Stepan Kubiv (, Stepan Ivanovych Kubiv; born March 19, 1962) is a Ukrainian politician who was a former First Vice Prime Minister of Ukraine and simultaneously Minister of Economic Development and Trade of Ukraine from April 2016 to August 2019. He is also a former acting chairman of the National Bank of Ukraine.

Education 
1984 – graduated from Lviv State University named after Ivan Franko, faculty of mathematics

2002 – graduated from National University "Lviv Polytechnic", specialty Finance

2006 – defended his thesis, Ph.D. in Economics

2007 – Associate Professor, Marketing and Logistics Department, National University "Lviv Polytechnic", aftermath – academician

Career

Prior to convocation 
1983-1988 Researcher, Ivan Franko University in Lviv,

1988-1991 Youth worker, municipality of Lviv, director

1991-1994 Student union of Lviv, director

1994-2000 Western Ukrainian Commercial Bank, Chairman from 1997.
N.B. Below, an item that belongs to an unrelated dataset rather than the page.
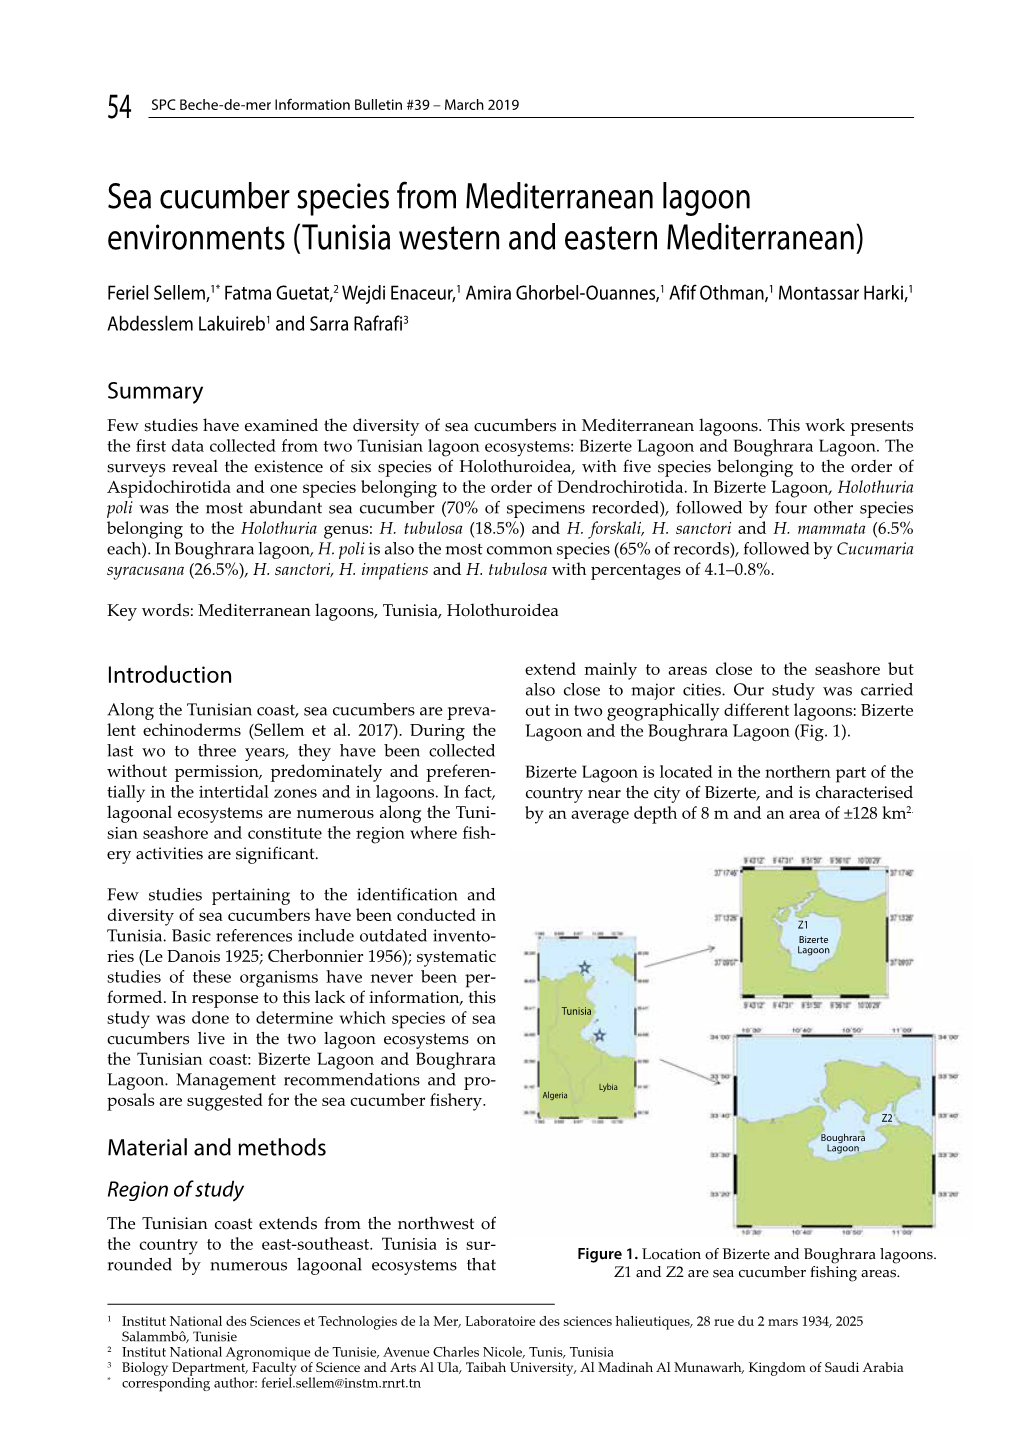 Sea Cucumber Species from Mediterranean Lagoon Environments (Tunisia Western and Eastern Mediterranean)

2000-2008 JSC Kredobank, Chairman

2008 to present, Associate Professor of Marketing and Logistics "Lviv Polytechnic".

From 2010 to 2012 Bank Supervisory Board.

Post convocation 
From December 12, 2012 parliament VII of Ukraine.

2013-2014 commander in the House of Trade Unions in Kyiv, during the mass anti-government protests in Ukraine.

24 February 2014, Chairman of the National Bank of Ukraine.

28 February 2014, Member of the National Security Council.

4 March 2014, Personal written statement of resignation - the Verkhovna Rada of Ukraine stopped prematurely powers of MPs in connection with a personal request of deputies' powers.

On 19 June 2014 Kubiv was replaced as Chairman of the National Bank of Ukraine by Valeriia Hontareva. He is reportedly tapped to be the next Chairman of Lviv Regional State Administration.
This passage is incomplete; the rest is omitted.